The Ghana Maritime Authority (GMA) has given assurance that it is committed to ensuring that Ghana’s waters were safe and secured for vessels and others using the maritime domain.

Captain Inusah Abdul-Nasir, the Director of Technical of the Authority, said the GMA was living up to its mandate of monitoring, coordinating, and regulating all activities within Ghana’s maritime sector.

He said this when 33 participants from 13 Gulf of Guinea countries on the Maritime Security and Transnational Organized Crime (MSTOC) visited the Vessel Traffic Management Information System (VTMIS) as part of the course.

The MSTOC was organized by the Kofi Annan International Peacekeeping Training Centre (KAIPTC) with support from the German Government.

He said with the VTMIS which operates a 24-hour service, his outfit was able to discharge its mandate by electronically surveying and monitoring Ghana’s coastline including the Exclusive Economic Zone (EEZ) to ensure the protection of her maritime resources.

He noted that the GMA protected offshore installations, oil terminals, and gas pipelines, as well as prevented illegal, unreported, and unregulated (IUU) fishing, piracy, and the prevention of pollution from ships.

He called for collaboration, coordination, and information sharing among countries, noting that addressing the security issues in the maritime sector went beyond the remit of one state as critical issues such as IUU and piracy transcend more than one country.

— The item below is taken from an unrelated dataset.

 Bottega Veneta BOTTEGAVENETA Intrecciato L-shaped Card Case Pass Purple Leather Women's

Captain Abdul-Nasir, touching on ships’ safety, said the GMA also had the mandate to ensure that chapter 11 of the International Convention for the Safety of Life at Sea (SOLAS) which have special measures to enhance maritime security was attained.

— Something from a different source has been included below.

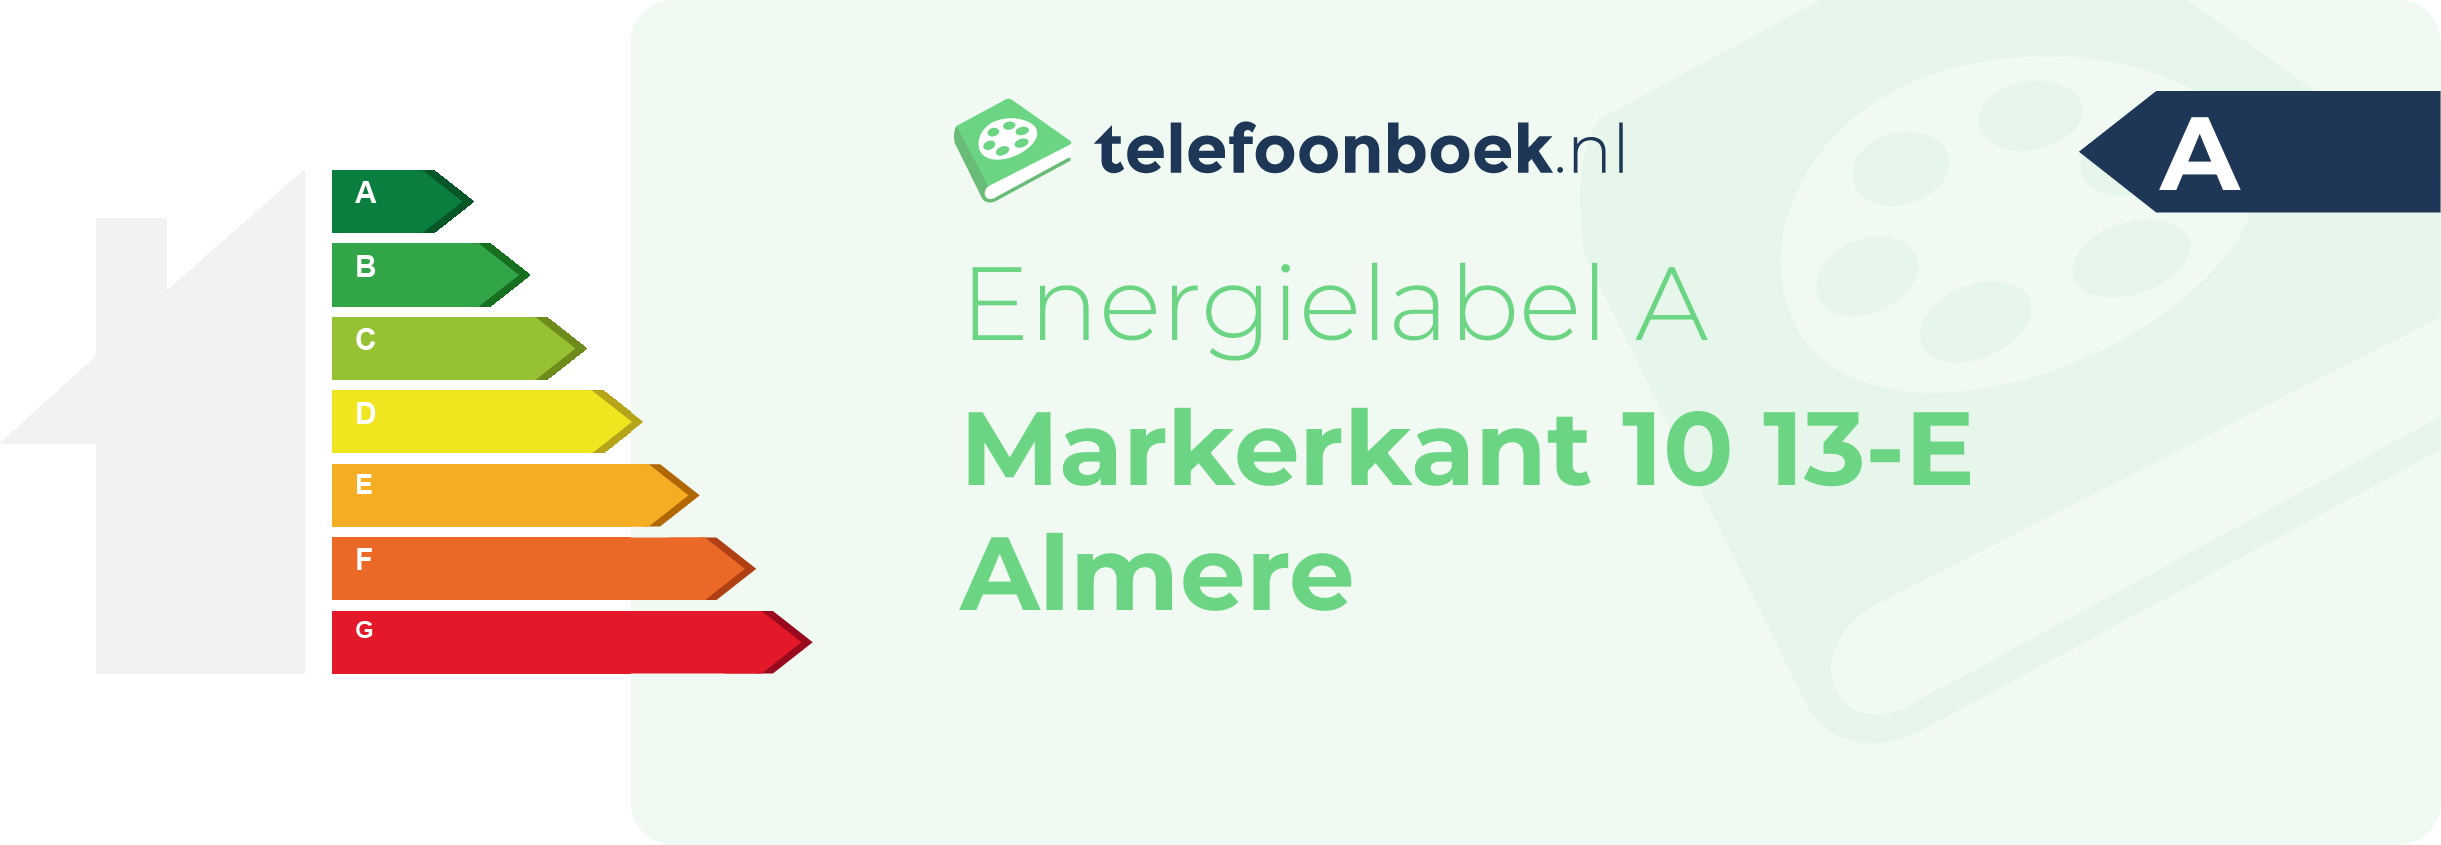 Energielabel Markerkant 10 13-E Almere

He added that his outfit also supervised and audit the country’s sea ports to ensure compliance with the International Ship and Port Facilities Security Code (ISPS Code) which required that governments must ensure that port facility security assessments were carried out, in addition to the port facility security plans being developed, implemented and reviewed.

He added that certificates of compliance to the ISPS Code must be issued as part of the requirement to the ports periodically after review to ensure the safety of vessels that call at the facility.

Naval Captain Isaac Aratuo, Course Director for MSTOC, at KAIPTC, commended the GMA for continuously hosting participants of the course and providing them with the practical aspect of the training.

Naval Captain Aratuo reiterated the need for state and non-state agencies, as well as countries to collaborate with each other to fight against maritime insecurity and transnational organized crimes.